9. State Overlay Checklist (FL)

• Applicability: $1 BILLION+ global annual revenue AND: (1) ≥50% revenue from online ads; OR (2) operates consumer smart speaker with cloud assistant; OR (3) operates app store/platform with ≥250,000 apps. Narrowest scope in US - targets tech giants only. <6,000 FL businesses qualify (est.). Exemptions: State government, nonprofits, HIPAA, higher ed, utilities, GLBA.
• Sensitive data: 8 categories requiring consent for processing: racial/ethnic origin, religious beliefs, health diagnosis, sexual orientation, citizenship/immigration, genetic/biometric, known child, precise geolocation. Sale of sensitive data requires consent + required notice "NOTICE: This website may sell your sensitive personal data."
• Consumer rights: Access, correct, delete, portability, confirm processing, opt-out of targeted ads/sale/profiling/sensitive data collection, opt-out of voice/facial recognition collection (unique right). Response: 45 days.
• Opt-out: Sale, targeted advertising, profiling, sensitive data collection, voice/facial recognition (unique).
• Processor contracts: Must include instructions, purpose, data types, duration, processor obligations (confidentiality, deletion/return, compliance info available, assessment support) per FDBR §501.712.
• DPA triggers: Required for targeted ads, sales, sensitive data processing, certain profiling. Document assessment (FDBR §501.713).
• Security: Reasonable safeguards appropriate to data sensitivity.
• Breach notice: 30 days max (+15 days extension with good cause). Third-party agents: 10 days. Department of Legal Affairs if 500+. Exception if no identity theft/financial harm (document 5 years, notify Department within 30 days). Penalties up to $500,000 per breach ($1K/day to 30d; $50K/30d to 180d; $500K if >180d). NO private action.
• Children: Known child data is sensitive (consent before sale). COPPA compliance.
• Non-discrimination: Standard non-discrimination provisions.
• Recordkeeping: 45-day discretionary cure period (Department of Legal Affairs). Department of Legal Affairs enforcement. NO private right of action under FDBR or breach law.
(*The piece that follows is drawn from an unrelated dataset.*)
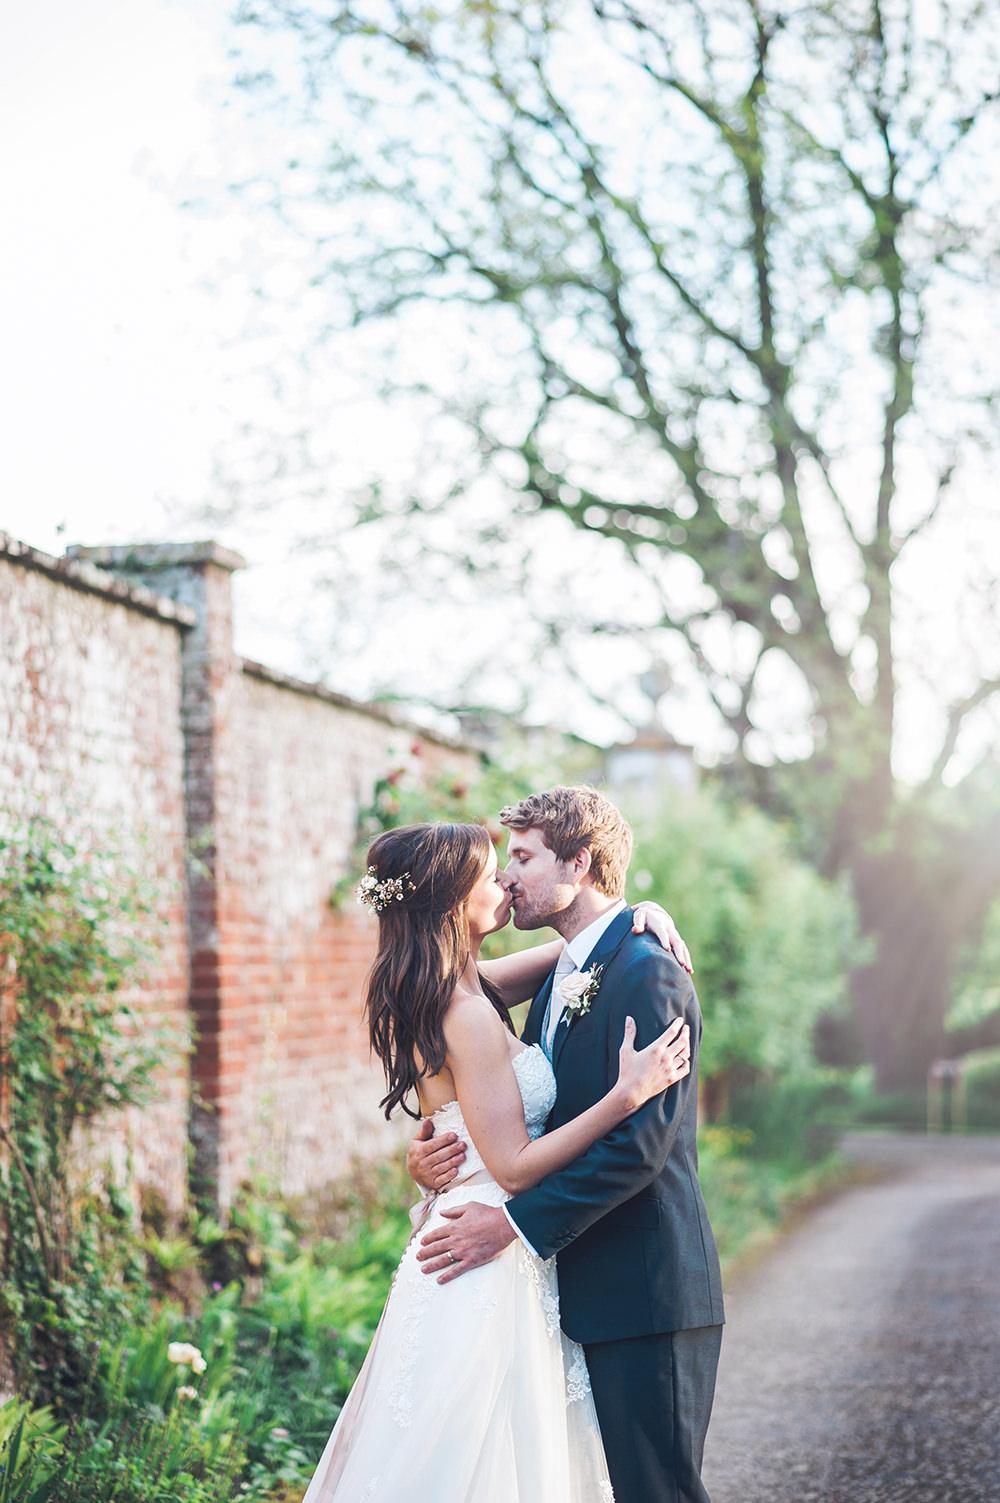 Bride Bridal Gown Dress Strapless Sweetheart Neckline Ribbon Belt Pink Blue Suit Groom Edmondsham House Wedding Darima Frampton Photography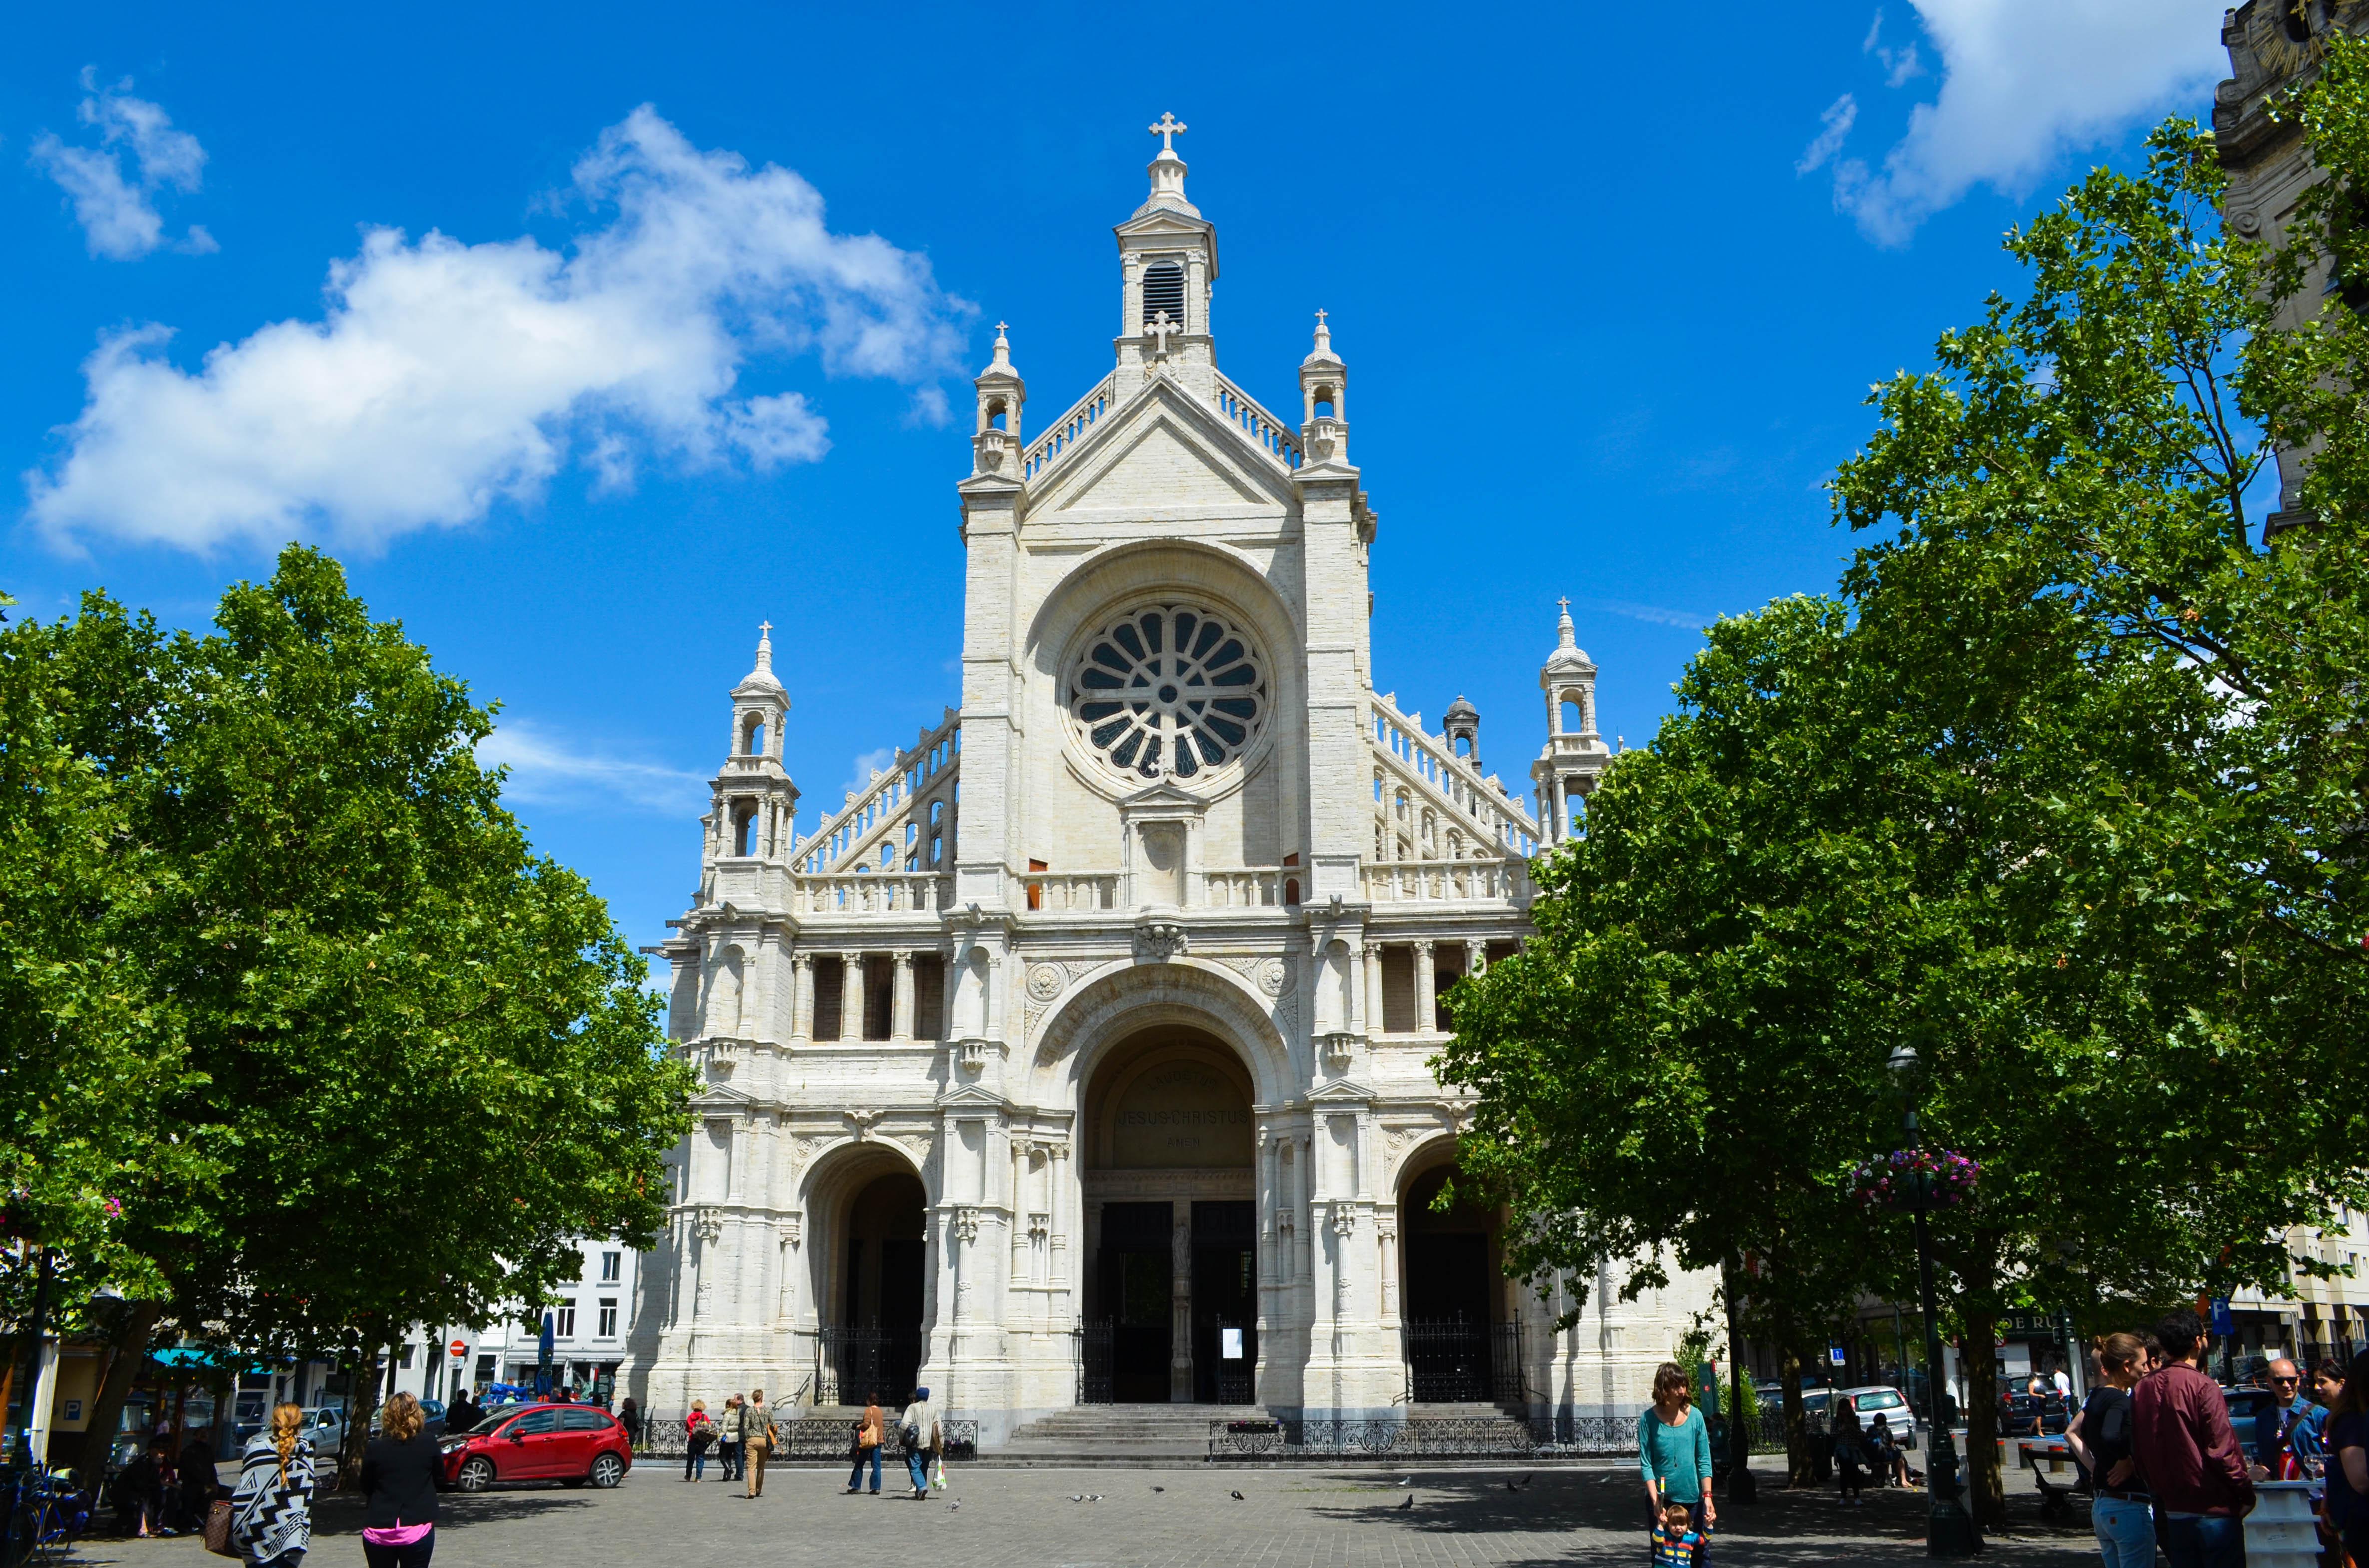 Sainte-Catherine Church

10. Approvals and Accountability

• Privacy lead/DPO review: [name/date].
• Security review: [name/date].
• Legal review (state law overlay): [name/date].
• Business owner certification: [name/date].
• Executive approver: [name/title/date].

11. Attachments

• Data flow diagrams/architecture.
• Records of processing activities entry.
• Vendor list and DPAs/SCCs.
• Legitimate interests assessment or risk assessment (if applicable).
• Testing summaries and pen test reports (if applicable).
• State-specific notices/links and breach templates.